--- The problem ---
Could you output the whole listing exactly as it stands, minus any images?

(Data excerpt)

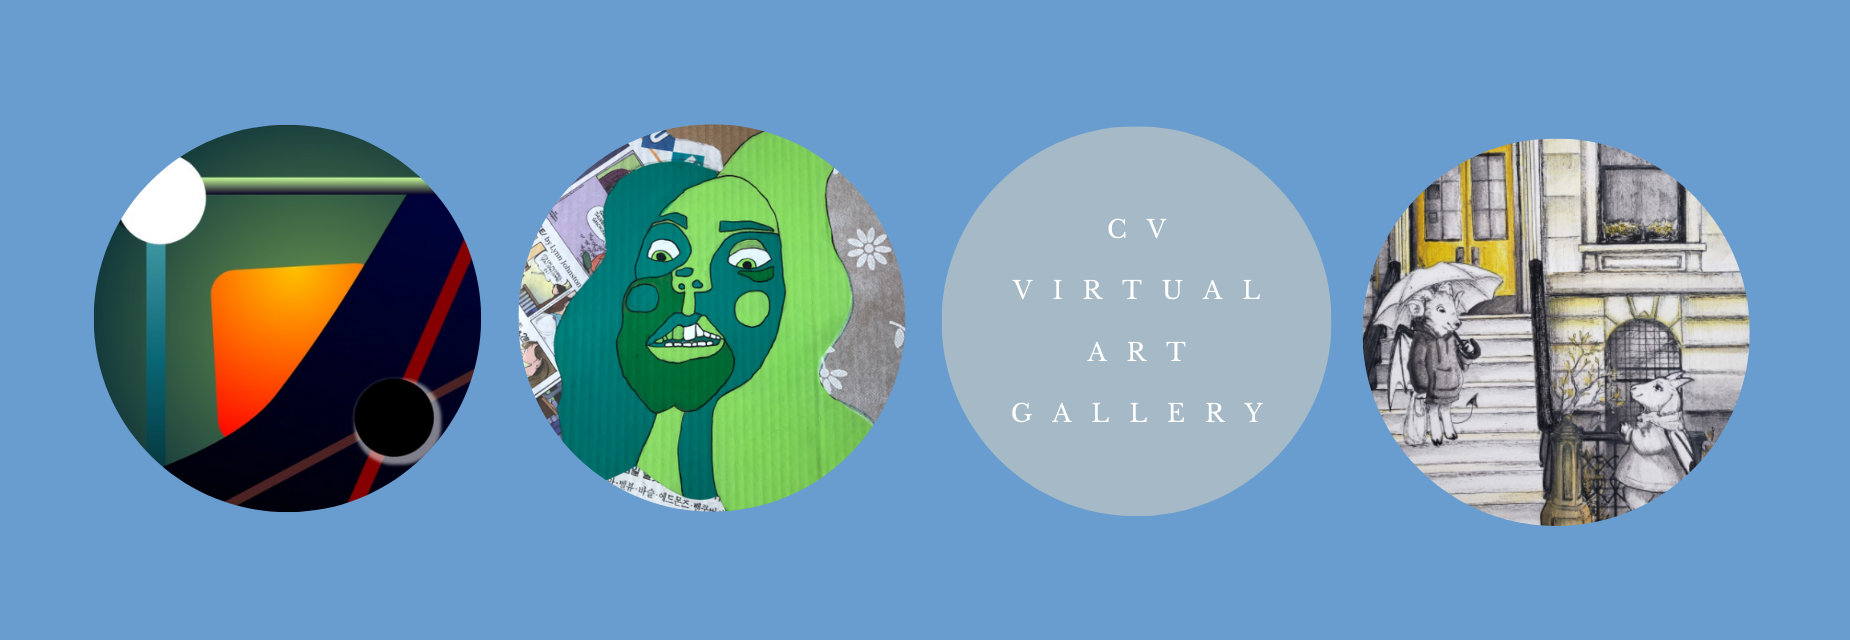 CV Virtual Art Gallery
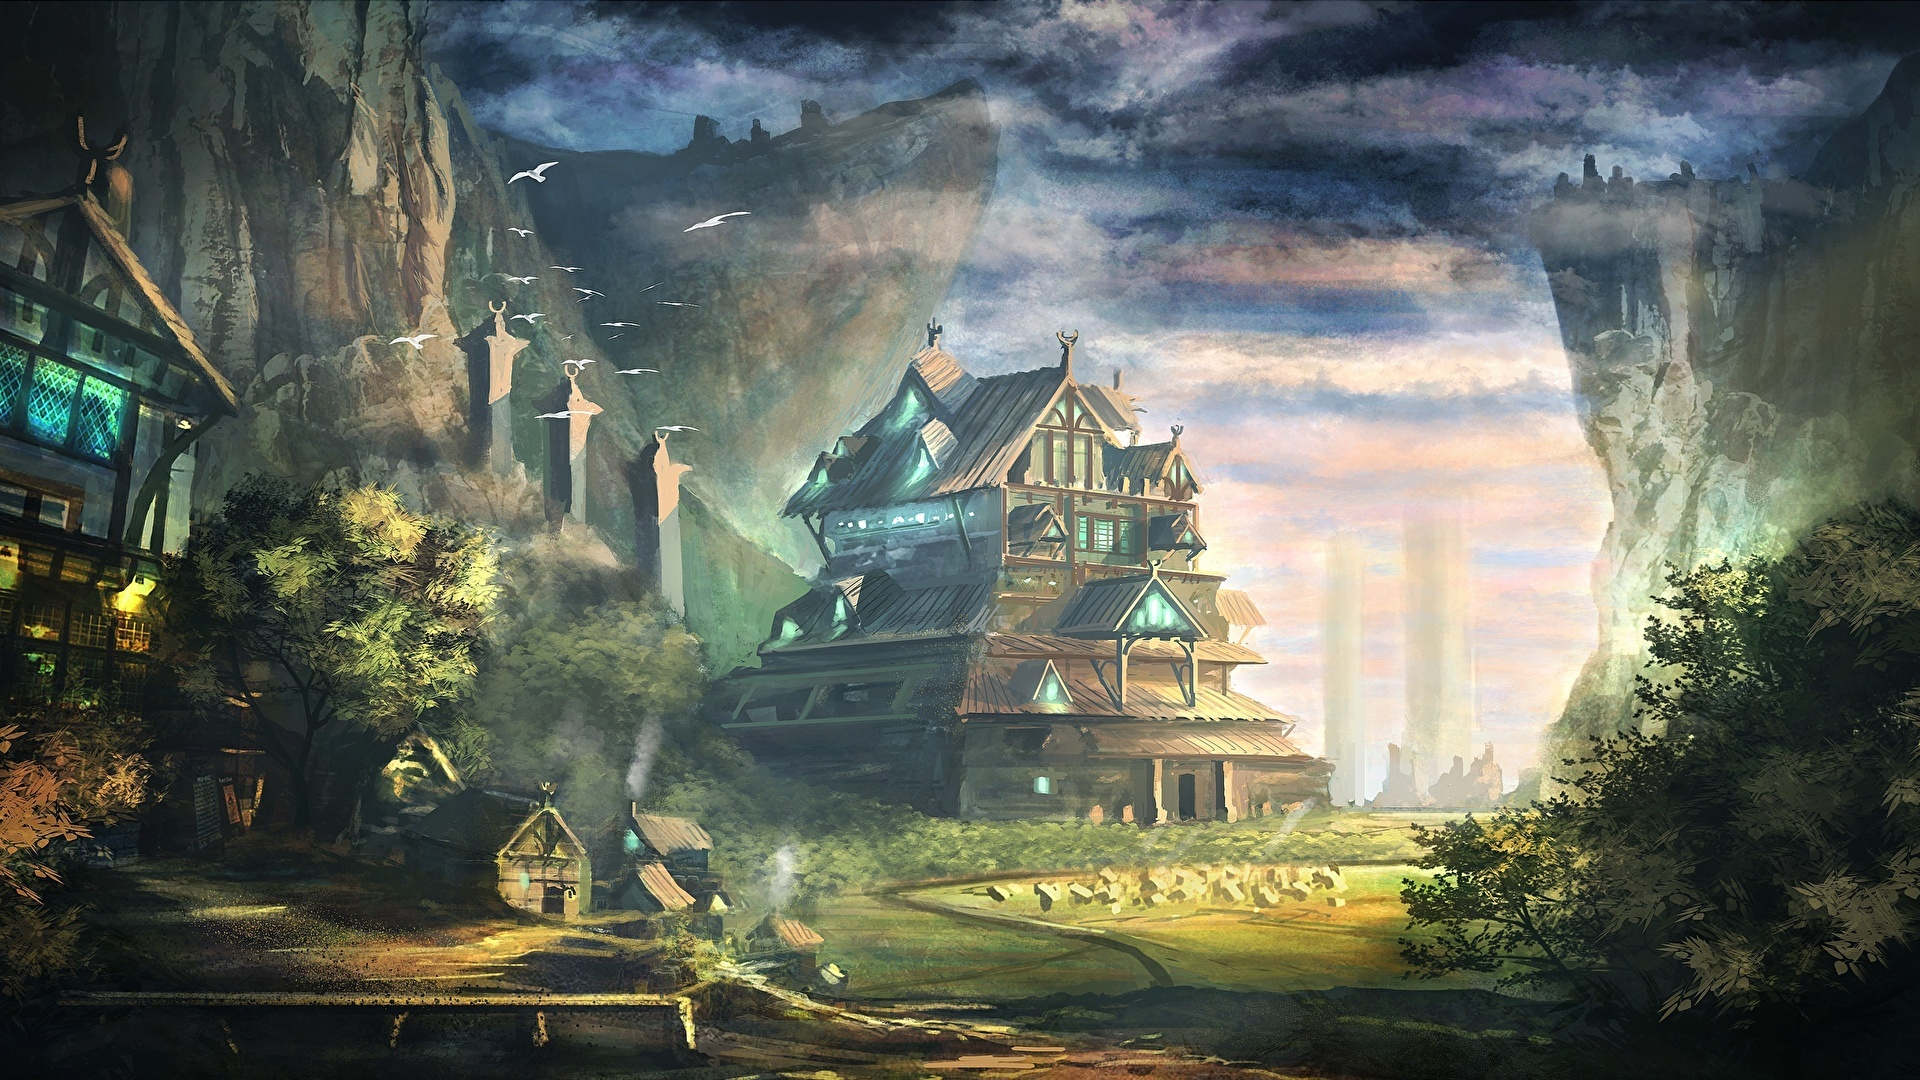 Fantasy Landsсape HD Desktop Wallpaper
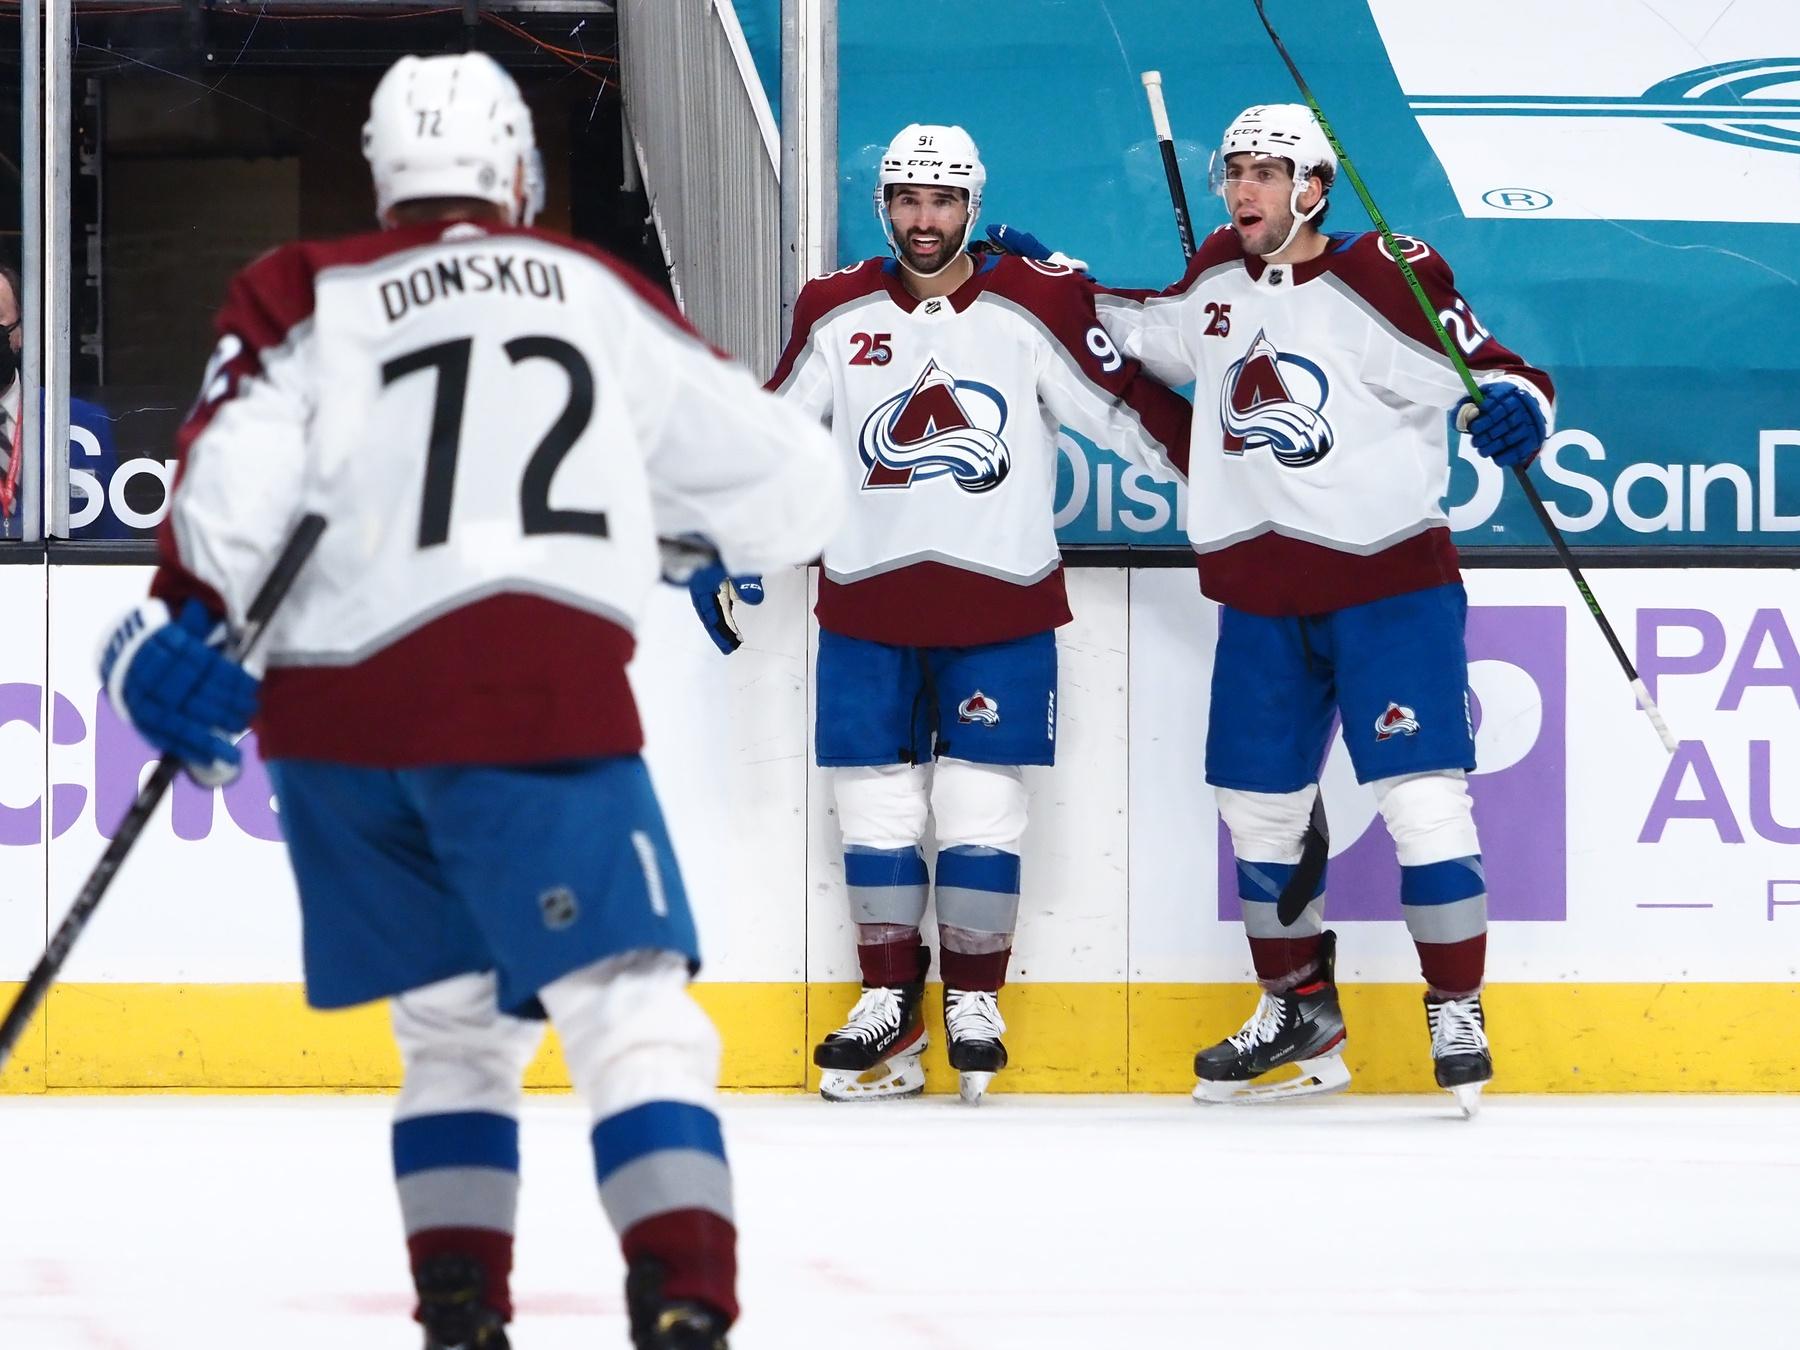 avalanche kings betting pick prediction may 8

(End Data excerpt)

--- Output ---
 CV Virtual Art Gallery
 Fantasy Landsсape HD Desktop Wallpaper
 avalanche kings betting pick prediction may 8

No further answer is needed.